Seriously though, the reluctance and inability of several of you to evaluate the flaws of incrimentalism in our political system is a huge problem. Holding it up as a guiding virtue of the political process is misguided. As if there is the time or the effort to tip toe through the process while being unable to touch any big issue like healthcare or climate change. If you want to watch gridlock and the resulting disenfranchisement and disengagement of the voters. While nothing significant gets done and you come distant third after the more privileged or the interest groups. Then sure incrementalism sounds great. You would pretend that you can reform the system while keeping it in tact. Those who stand to gain don't stop working to reverse gains.
Here, it's like in Disney 's Hercules where the big bad titans get imprisoned. Only to be freed again. Only to be imprisoned again while keeping the cycle in tact for a repeat. Or just how the gross inequality of the Guilded Age was suppressed only to steadily make a comeback as inequality rises. Behold the glory of incrementalism and reform.
As a base concept it makes sense, sure. When you apply it to real world situations and context.
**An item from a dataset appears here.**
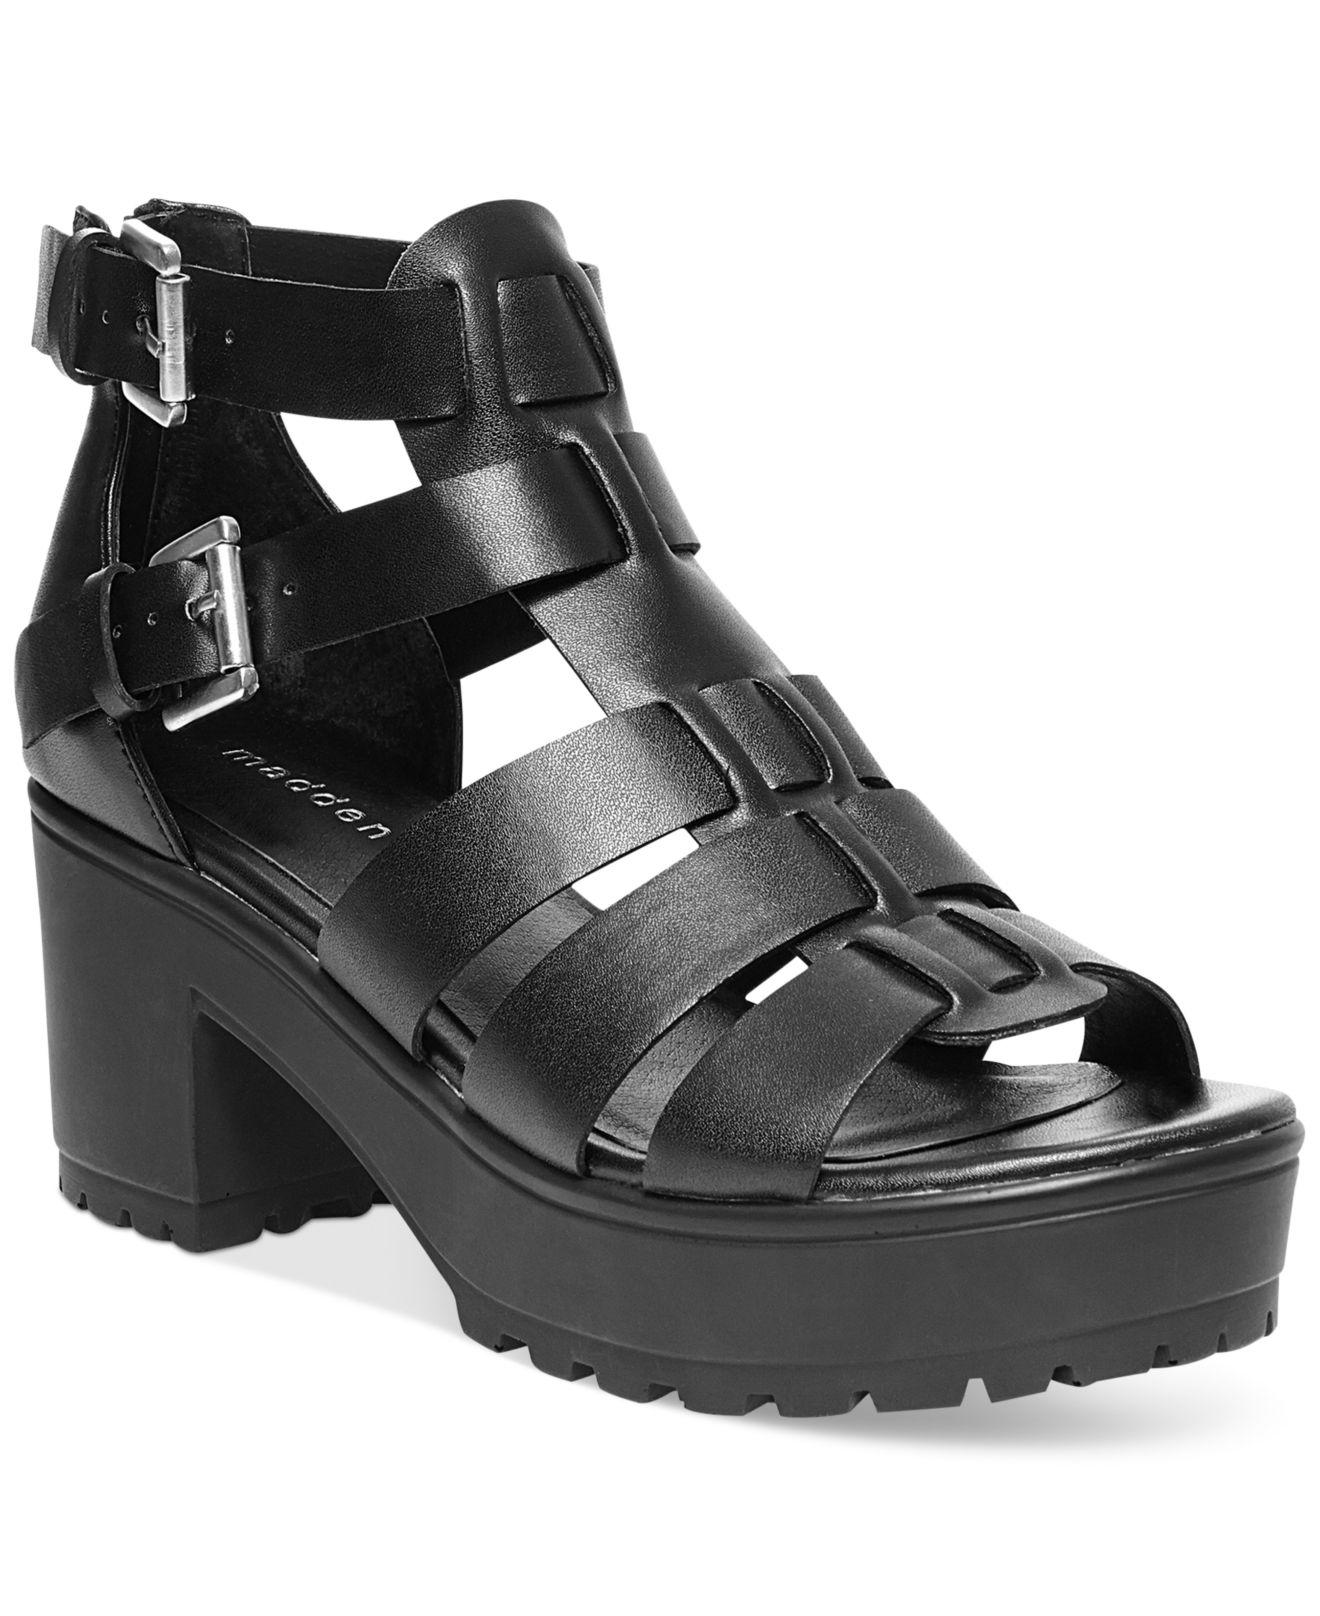 Madden Girl Daizyy Platform Lug Sandals

It tends to fall apart in the manner of which you are applying it. It's a fact of compromise and the role that plays (the one everyone is preoccupied with it seems), but not a fact of marked change. It's an overemphasis on steps taken in a journey instead of finishing one.
It's not like slowly saving up enough for a house or for retirement, where incrementalism works. It just doesn't work that way for major structural impediments as they can't be solved with half-measures and a lack of continual direction and consistent pressure. No, in reality incrementalism is not that consistent pressure.
i was thinking, "hey, we did that though"
Yeah all those people
Employer health insurance premiums for families have risen 47% in 10 years. Last year my wife looked at the cost or adding me to her health insurance. It was around an extra 1k a month essentially. We laughed and said no.
Meanwhile, cost of living is up, purchasing power is down. Where is this affordable healthcare??
The ACA is an overall failure unless the bar is so low that covering pre-existing conditions, a failure to fully expand Medicaid, a failure to control costs, a failure to introduce a public option, a failure to enforce a mandate, a failure to implement subsidy coverage without a massive gap, a failure to address the underlying issues of the medical system, etc.
What a success of incrementalism. Seeing as nothing has gotten done on it since then, and in fact only moved backwards. You'd think with a pandemic killing over 1 million Americans that Biden could at least try to work on any of the many holes in it, but once again status quo Joe.
Would I rather have the ACA than not? I mean that's like asking if I rather eat shit or starve. It's more like the illusion of choice.